Pierre Bonnard and Japanese art: Examining the inner

Pierre Bonnard and Japanese art: Examining the inner

Lee Jay Walker

Modern Tokyo Times

Pierre Bonnard was born in 1867 in France. Hence, he was born one year before the Meiji Restoration in Japan. His father had hoped that Bonnard would become a barrister but clearly, Bonnard was destined for the art world. In the early 1890s Bonnard met the enigmatic Henri de Toulouse-Lautrec and throughout this decade his art would develop greatly.

Bonnard said, “The artist who paints the emotions creates an enclosed world… the picture… which, like a book, has the same interest no matter where it happens to be. Such an artist, we may imagine, spends a great deal of time doing nothing but looking, both around him and inside him.” 

In 1890 it is reported that Bonnard truly came into touch with Japanese art despite first admiring this art form in the late 1880s. From this point onwards the richness of Japanese ukiyo-e remained within his artistic soul. Hence, Bonnard would collect Japanese art throughout the rest of his life.

Other artists who adored Japanese ukiyo-e includes Paul Gauguin, Vincent Van Gogh, Edgar Degas, Claude Monet, Toulouse-Lautrec, Pierre Auguste-Renoir, Camille Pissarro, Mary Cassatt, and other artists including James Abbot McNeill Whistler. Therefore, Bonnard was following in the footsteps of many artists outside of Japan who fell in love with the rich traditions of ukiyo-e.

Bonnard said, “Painting has to get back to its original goal, examining the inner lives of human beings.” He also commented, Art will never be able to exist without nature” and “You cannot possibly invent painting all by yourself.”

Bonnard was a member of an important artistic group during the most formative years of his art. This group was called Nabis which means prophet in the Hebrew language. Other significant members of Nabis include Maurice Denis and Edouard Vuillard. The artists within this group were inspired by new thinking and different approaches to art. Therefore, a personal and extremely decorative style was “set in stone” within an abstract style.

The nickname of Bonnard highlights his love of Japanese art because he was called the “le Nabi tres Japonard.” Of course, Bonnard cherished this name because it means “the ultra-Japanese Nabi.” Also, his art studio was further evidence of the power of ukiyo-e because individuals who visited him noted paintings by Hiroshige, Kunisada, and Kuniyoshi.

Bonnard like Paul Gauguin and other notable artists was a deep thinker. He commented to Henri Matisse, ‘I agree with you that the painter’s only solid ground is the palette and colors, but as soon as the colors achieve an illusion, they are no longer judged, and the stupidities begin’ — stupidities, such as worrying about the correctness of a reflection?”

If “a reflection” of the artwork of Bonnard is going to be focused on, then the “reflection of Japanese art” can’t be ignored. Of course, just like the Nabi group and his deep thinking towards art, no single event or artistic movement can describe Bonnard. After all, he was a free thinker during his youth, therefore, artistic ideas emanated from many different directions. Likewise, the influence of Paul Gauguin and Stephane Mallarme, who was a Symbolist poet, entered his consciousness.

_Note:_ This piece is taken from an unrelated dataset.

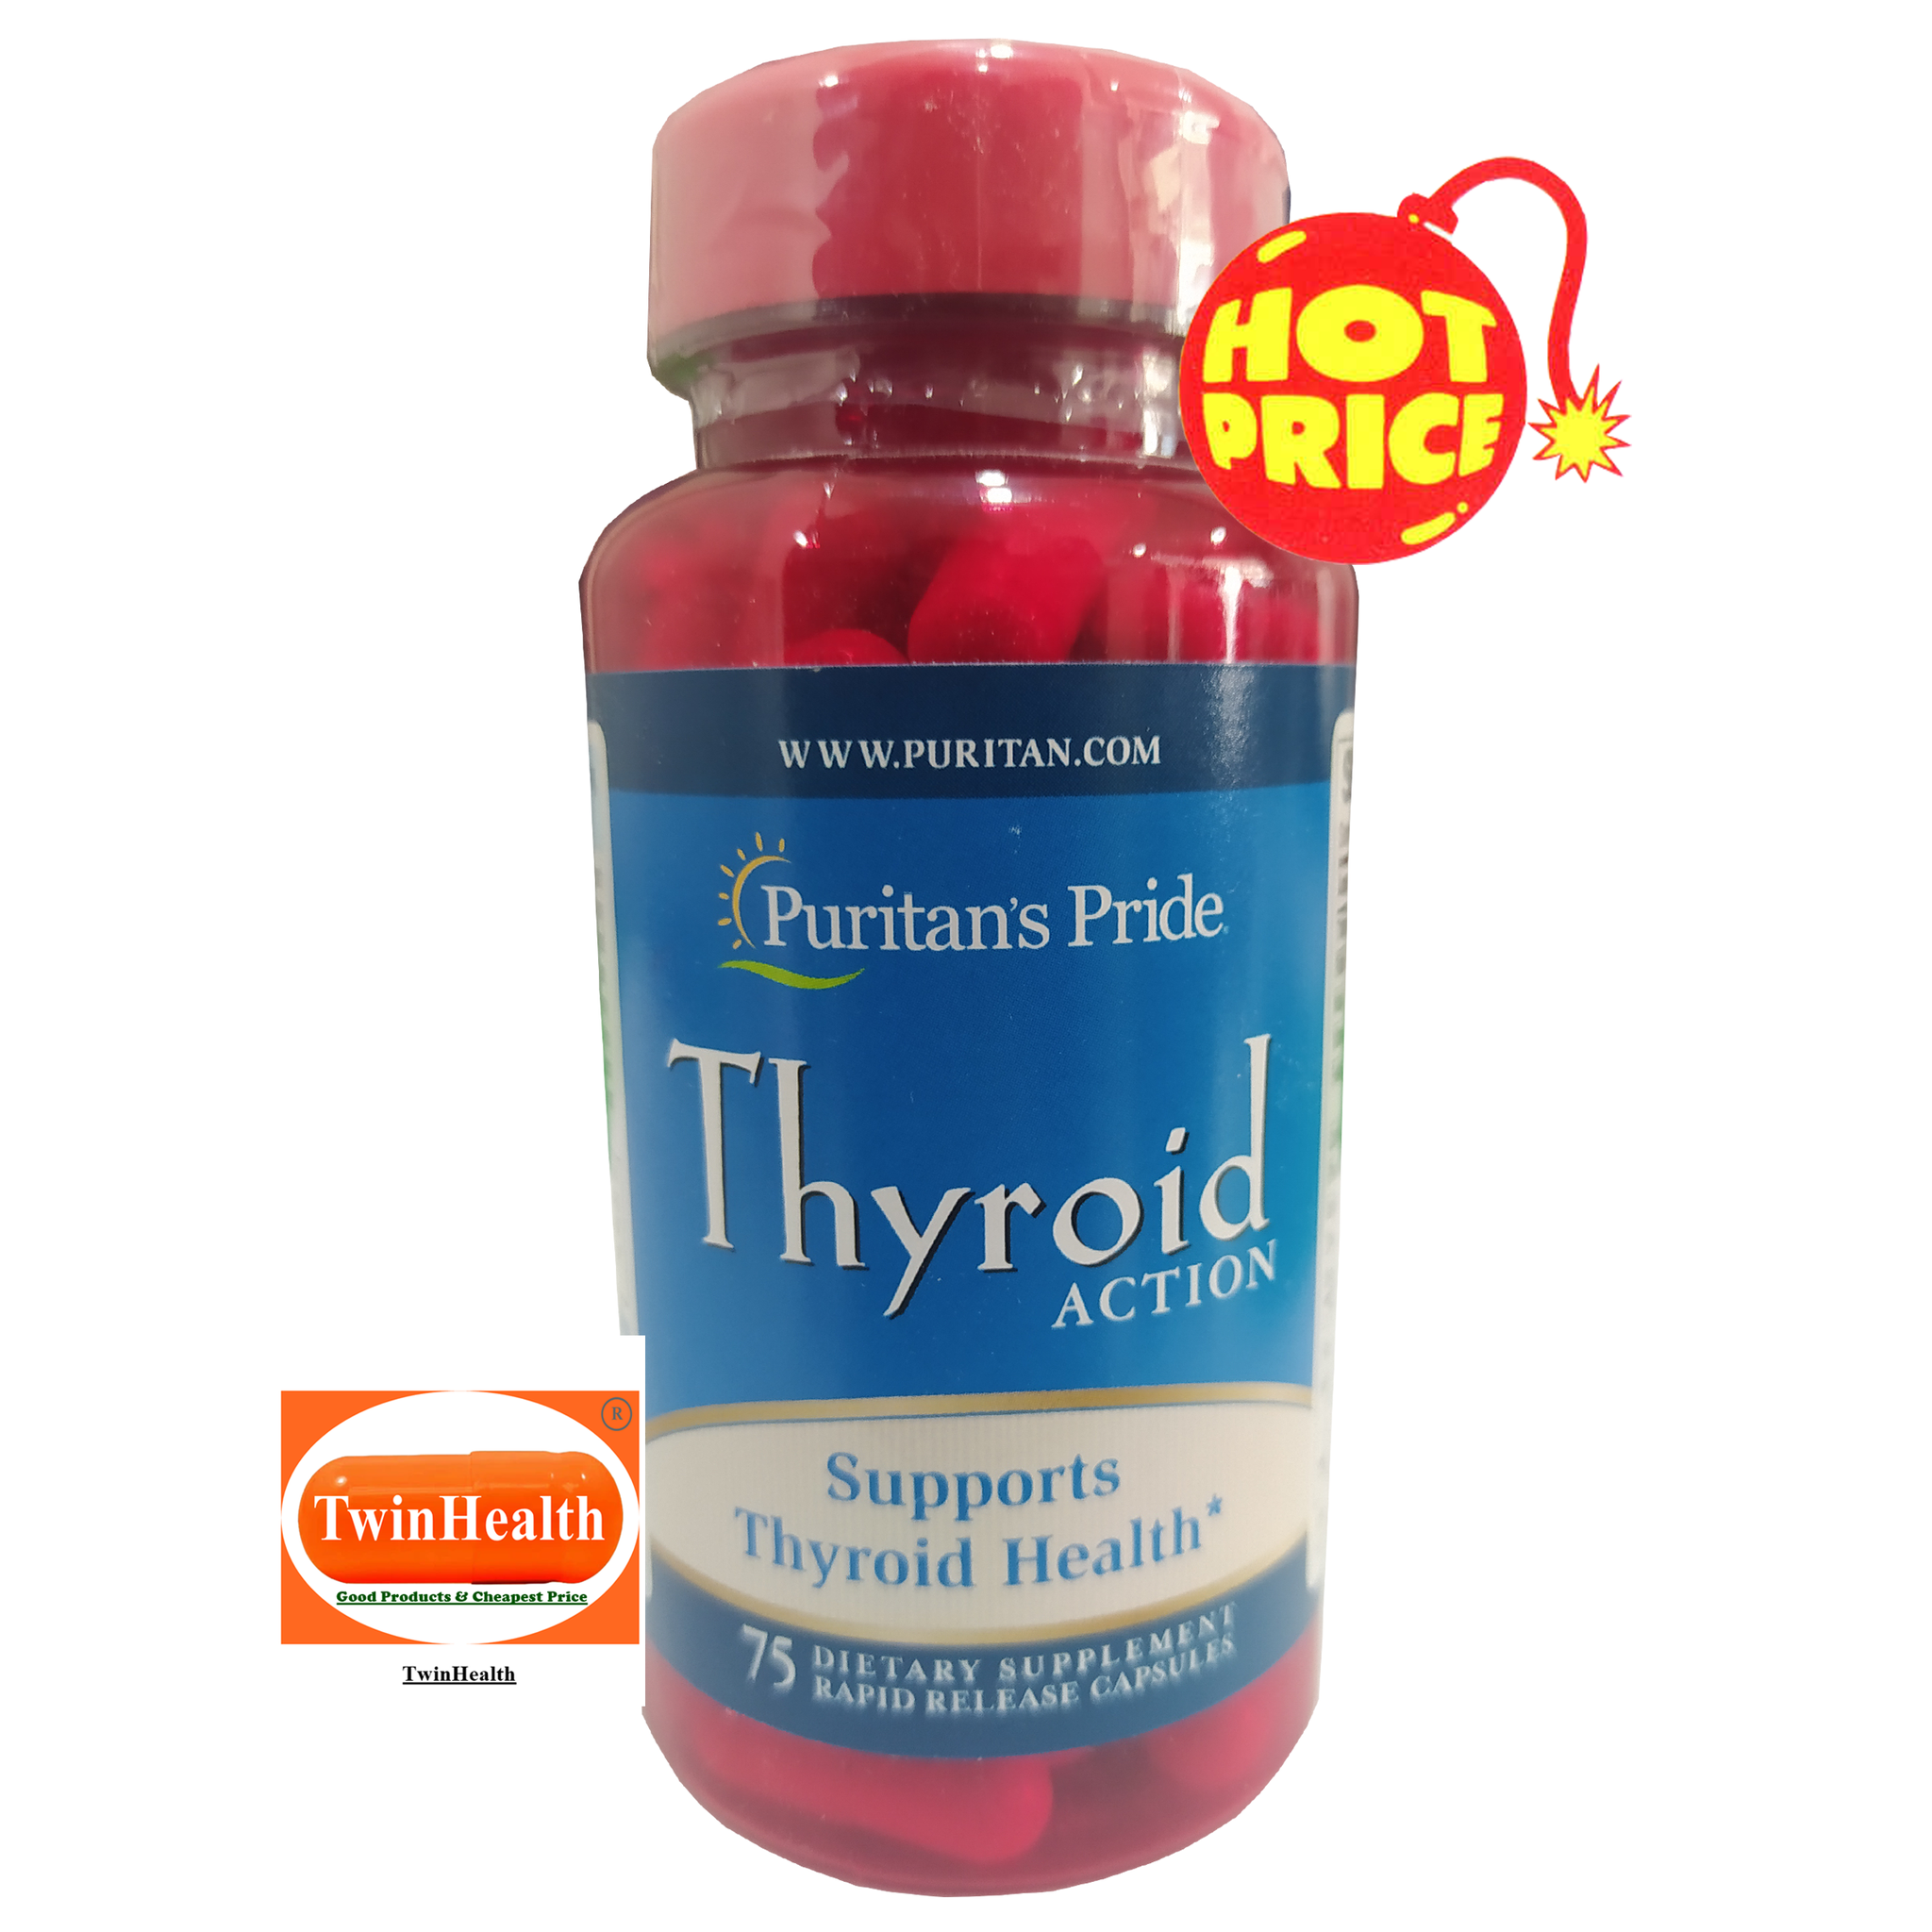 Puritan's Pride Thyroid Action / 75 Rapid Release Capsules

Bonnard said, …when I and my friends adopted the Impressionists’ color programme in order to build on it we wanted to go beyond naturalistic color impressions – art, however, is not nature – We wanted a more rigorous composition. There was also so much more to extract from color as a means of expression. But developments ran ahead, society was ready to accept Cubism and Surrealism before we had reached what we had viewed as our aim…In a way we found ourselves hanging in mid-air…”

The Santa Barbara Museum of Art responds to the above comment by stating that “Thus, the irony was that Impressionism was both a starting point and a trap for Bonnard. Yet it is acknowledged that Bonnard was not hostile to modern developments in art, rather he simply absorbed what he needed for his own experiments with color and form. As a result, Bonnard is in some ways a deceptive artist because his experiments were far more radical than one may realize at first glance.”

Overall, this article provides a brief glimpse into the importance of Japanese ukiyo-e for Bonnard.